Wednesday, April 20, 2011

"Taking the Horror out of Childbirth!"

Contractions, breathing, and pushing oh my.
     Why is it that we have been cultured to think that childbirth is a diesease?  I walk up on conversations all the time about childbirth and how "AWEFUL" it is.  God made our bodies to carry, birth, and feed our precious babies and we can do it without an OB shoving their hands inside us and strapping us to a bed with our legs spread eagle.  I'm not against hospitals but it can tend to go to the extreme on how we view childbirth as a society.  If we dare choice to trust our bodies and birth the way we feel then they label us as putting our babies in danger.  Homebirth oh that's another story for another day.  Truth be told woman have been having babies since Cain, and Abel.  I just want to speak on behalf of all women today and say " You were made to birth"!  Psalm 139:14 says "...you were fearfully and wonderfully made..."  Wow fearfully and wonderfully made!  You can birth you baby the way you feel and trust birth!  I've had two c/s and one unassisted birth!  I know what it feels like to be told your body CAN'T work and that I will NEVER be able to have a vaginal birth.
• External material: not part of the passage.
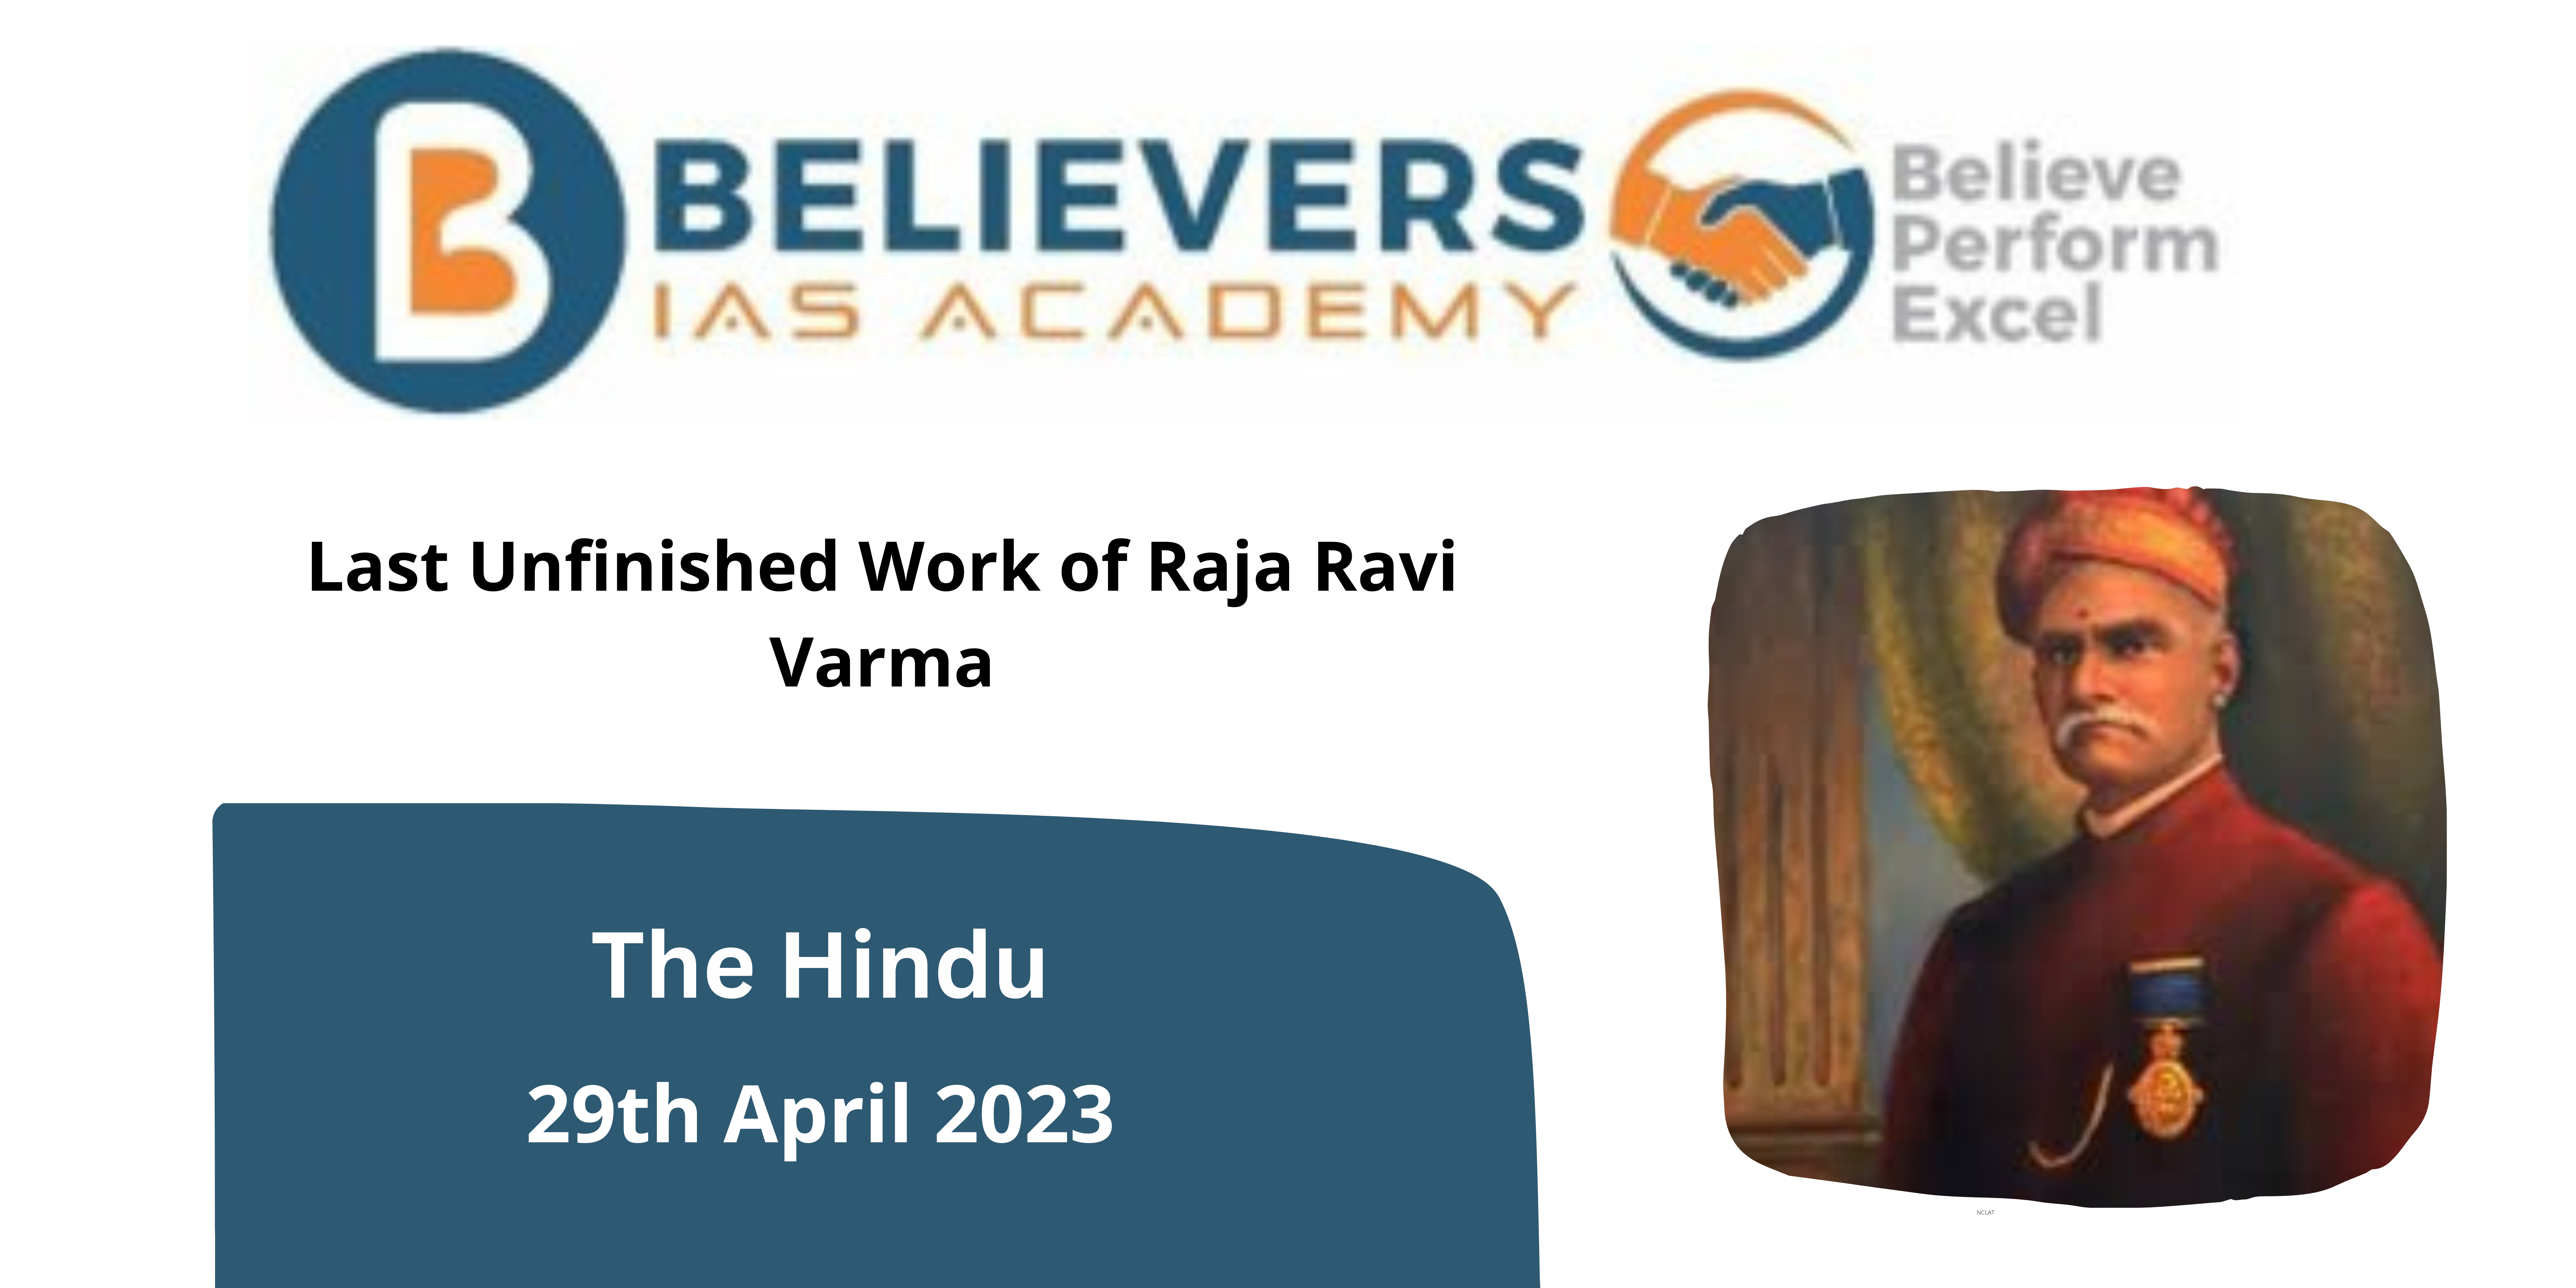 Last Unfinished Work of Raja Ravi Varma

   Well I guess I proved them wrong!  It took alot of determination and support from family and friends!  I got linked up with ICAN and began my journey to having the birth I wanted!  I educated myself and worked through fears and all the critizism that the OB's declared over me.  Was it easy no but I was determined to find answers to why they told me I couldn't birth my babies.  This is why I started my blog because I want to help people that see themselves in the same boat I was in many years ago.  Young, uneducated, afraid, helpless, hopeless, just down right feeling low.  I want to tell woman how they CAN birth their babies.  You don't have to be afraid pop on over and let me be your support along with the other mama's who may pop over to give you their personal experience.